Hear the thrum of the speaker’s heart in his words of tribute. Yes, it is flattery. But, flattery only resides in the desert of the mouth. Exaggeration, whose impetus is the heart, melts in the heat of the mouth to reveal truth, the very motive of love. And, he knows it may get him nowhere. But relationship demands risk. Then, in the final couplet, where surprise usually lurks among the reeds of cleverness or poignancy, the quantum leap: the promise of immortality via the life of this poem. What a hopeful romantic!

Because the word “sonnet” means “little song,” it’s not surprising that Maria Passarelli, Delone Catholic High School senior and member of both Hanover Symphony Orchestra and York Youth Symphony Orchestra, should choose the form to render a parody that began in musings about a favorite physics class. Further, that she would pick poetry as her vehicle seems only natural as she “at a fairly young age” tapped away stories at an unused electric typewriter until she discovered rhyming, when her “stories became little rhymes.”

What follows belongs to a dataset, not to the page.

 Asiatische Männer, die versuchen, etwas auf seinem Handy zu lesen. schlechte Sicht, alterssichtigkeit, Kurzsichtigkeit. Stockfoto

Moreover, Passarelli sophisticated her relationship with poetry, beginning with piano at six and French horn at nine. Says Passarelli, “. . . the more I enjoyed playing and being a part of music, the more I developed an appreciation for poetry. . . . I could recognize the music in poetry and the poetry in music.”

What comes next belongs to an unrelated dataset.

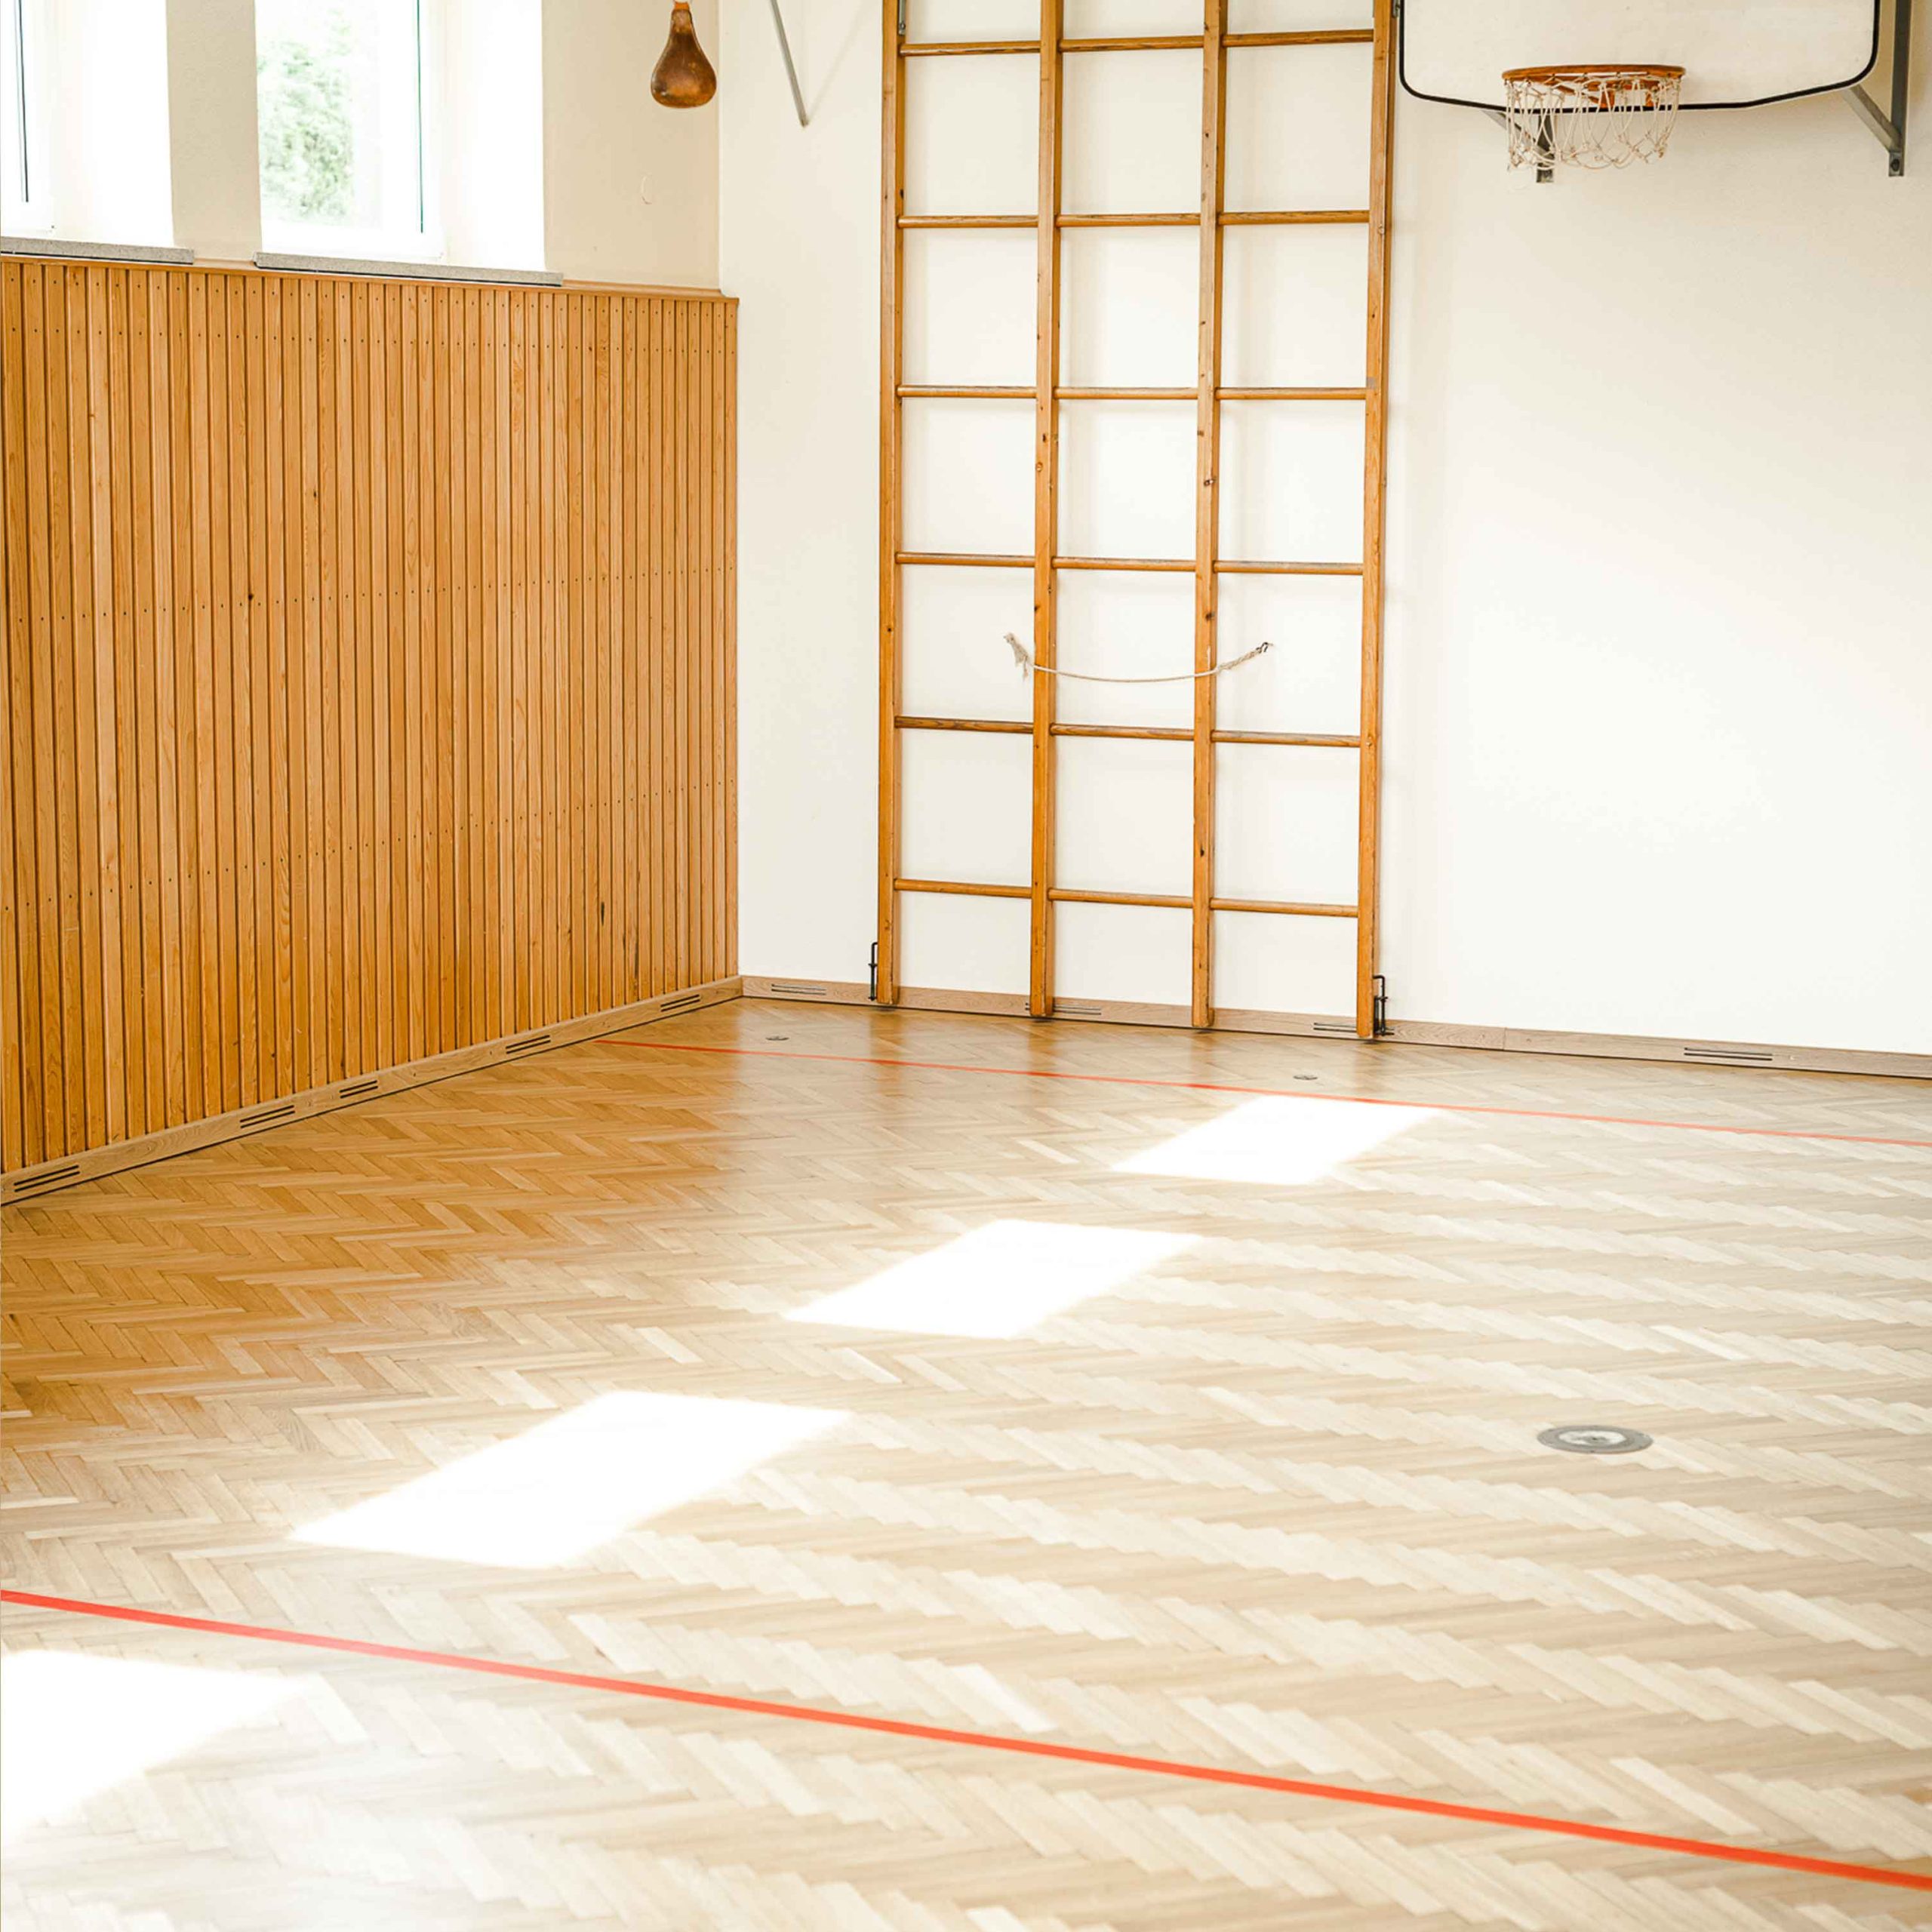 Bild zeigt Sporthalle mit neu verlegtem Holzboden und Bodenmarkierung.

I must insert that Pythagoras sought to discover the mathematical principles of reality through the study of musical harmony and geometry.

Sonnet of the Physics Nerd
(With a Little Help from Shakespeare)

Shall I compare thee to a physics class?
Thou art more stunning than magnetic fields,
Thou art more perfect than Pythagoras,
And still more than the theoretic yield.
A constant’s not so constant as your grace,
No microscope could find a single flaw,
The wisdom I see etched upon your face—
Is matched not, even by Sir Newton’s laws.
While summer’s lease hath all too short a date.
And winds do shake the darling buds of May,
My love for you is at a constant rate,
Accelerating with each passing day,
So long as men can’t count, and eyes can see,
O, calculator, this my love for thee!
- Maria Passarelli

“Poetry is important to have within a community, especially when it is shared among individuals, such as at a poetry reading. . . . because a special bond develops between individuals who can appreciate life on an artistic level, and can connect with others on that same level.”

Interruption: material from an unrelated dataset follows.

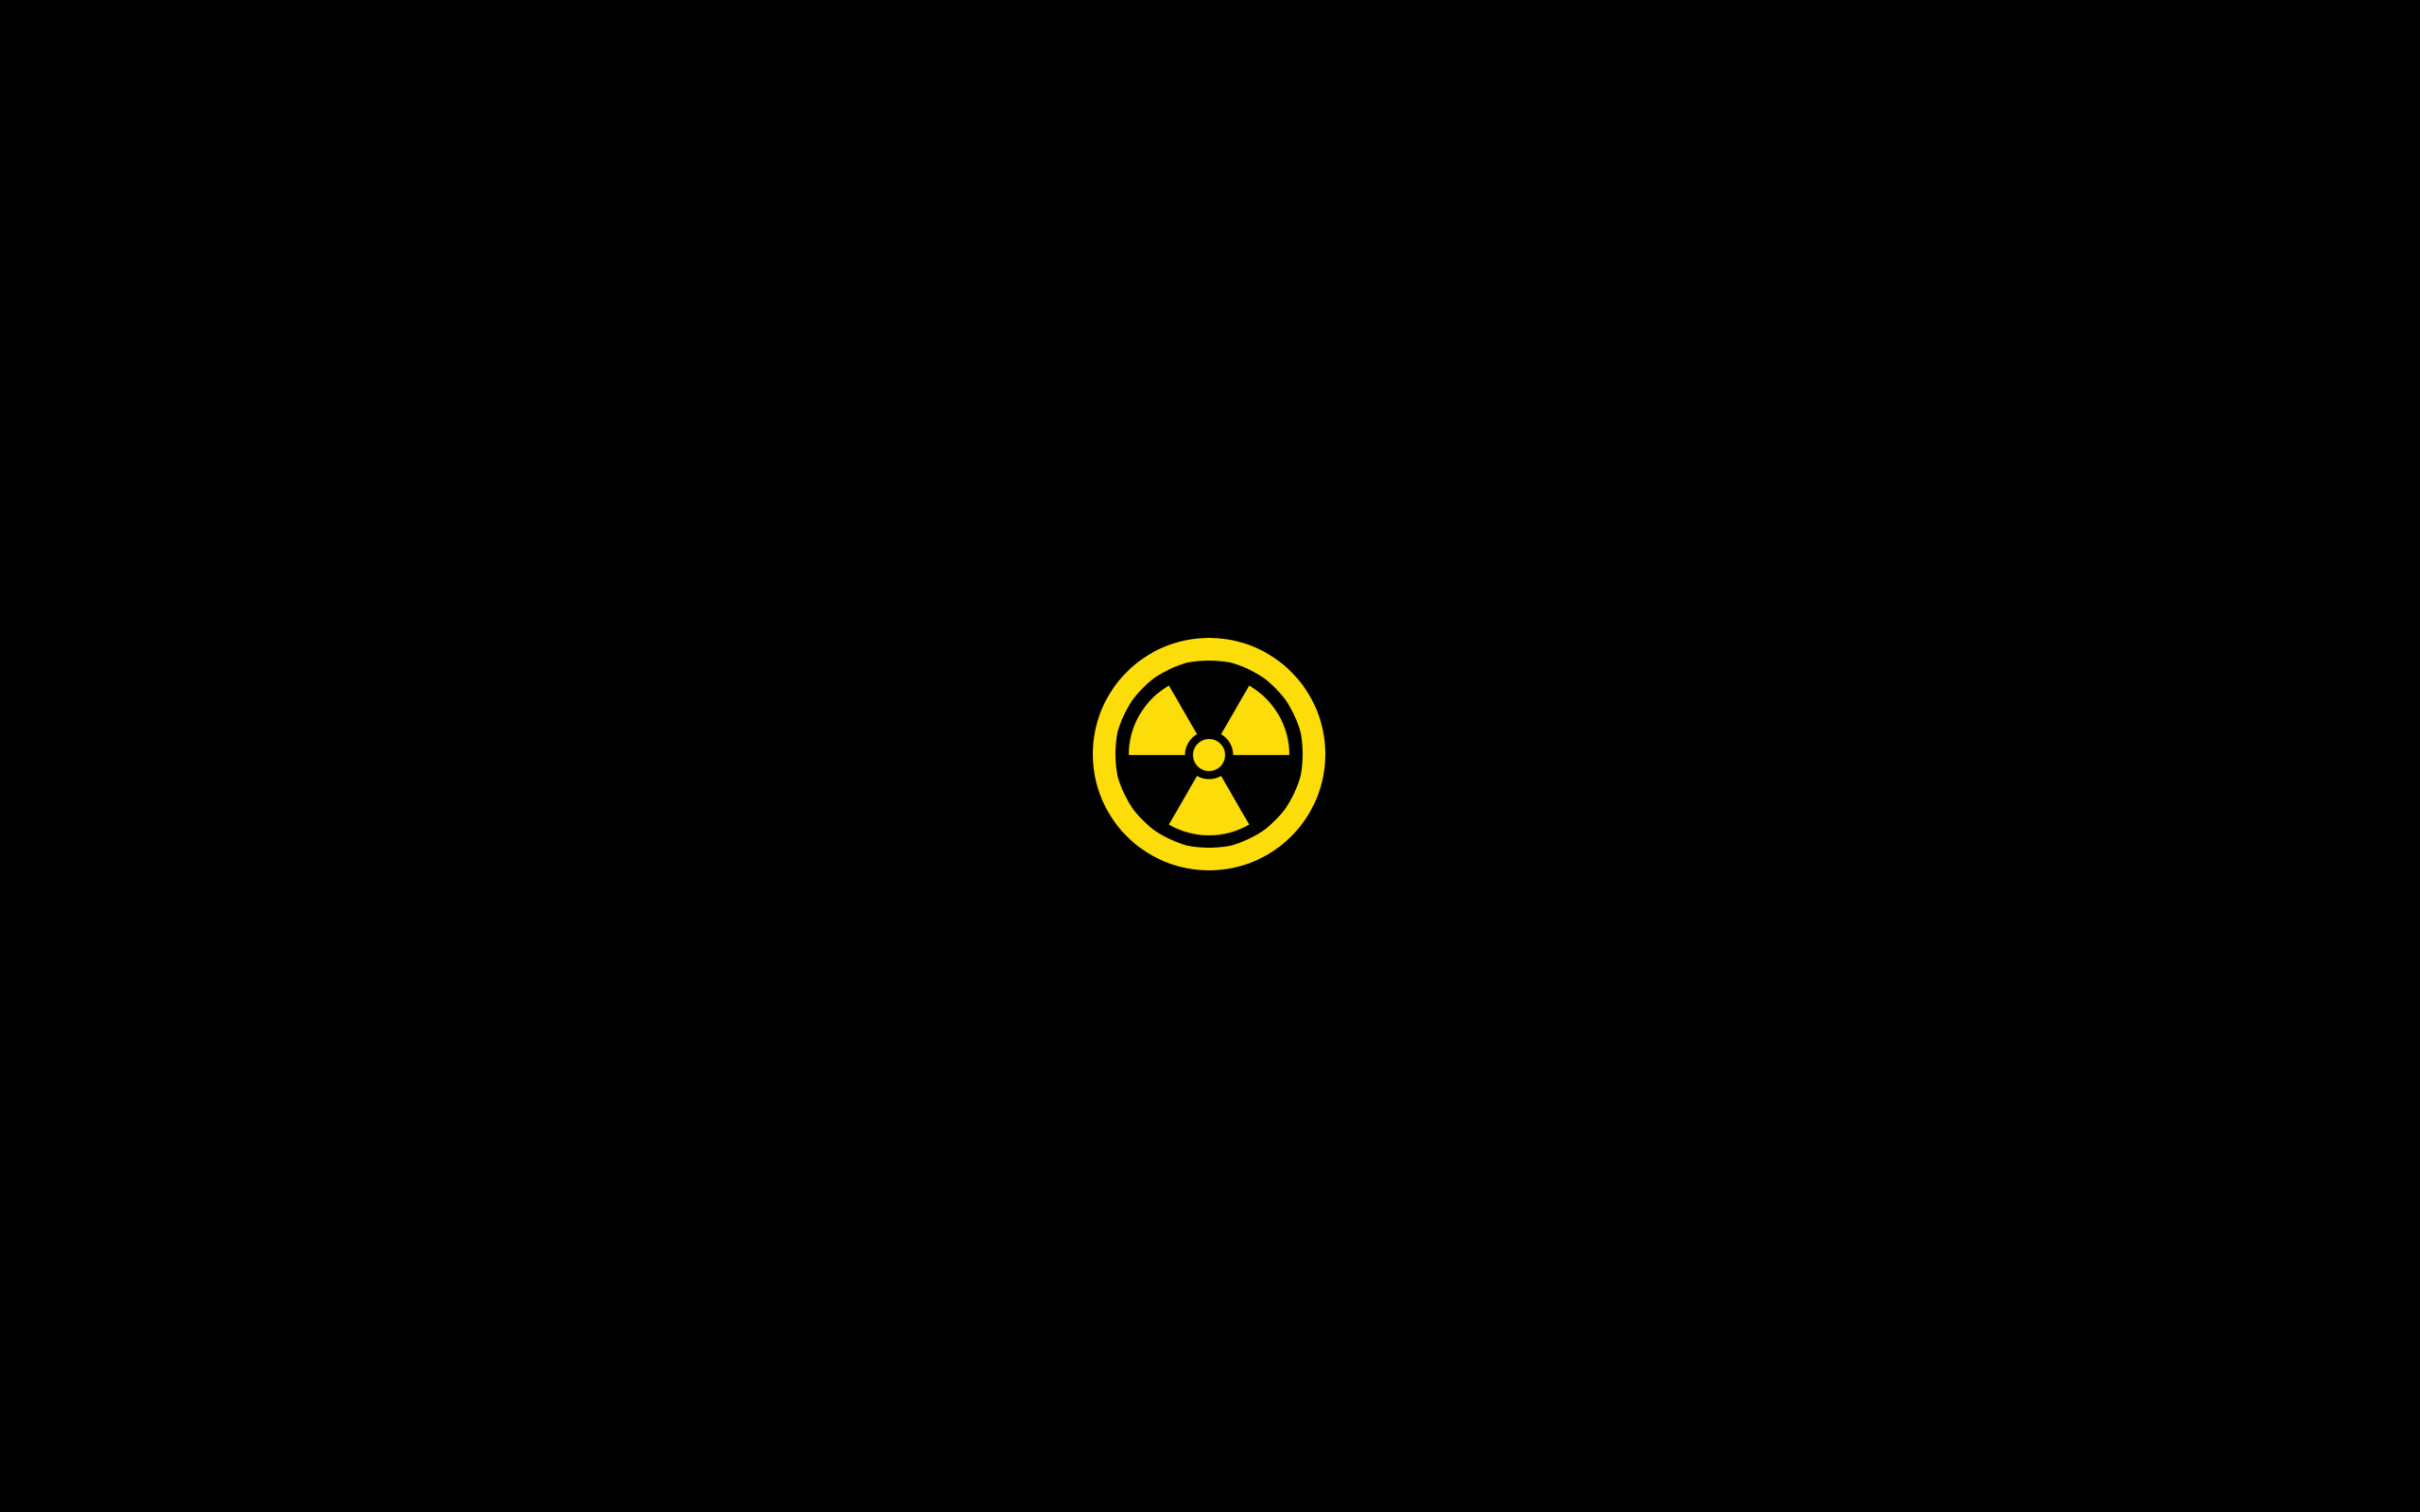 Nuclear symbol minimalist wallpaper

Thank you, Ms. Passarelli, for connecting us with the past, providing a bit o’ humor, and especially highlighting the intimacy of music and poetry and the value of art’s beginning in imitation and ending eventually in originality.

The Desire to Pass on the Unpassable

Land development sometimes supplants farmland. Whether for families or businesses, all is commercial. The price of progress, or the cost of living and sometimes dying? Investing and sacrificing for our collective future. Children choose not to continue farming. Some simply cannot afford it; others go to school for some other reason or to work in another profession or enter military service as a career or marry someone out of state. We each pay and pave our way, one way or another.

Can you tell I’ve been looking for a house to buy since last June? I have combed nearly every neighborhood of the Greater Hanover area. Plus, I’ve learned a heck of a lot about real estate thanks in part to the patience of an exceptional buyer’s agent and to my own stubborn obsession to spend every free moment immersed in all aspects of property hunting. I’ve also witnessed the pluses and minuses of development and over-development.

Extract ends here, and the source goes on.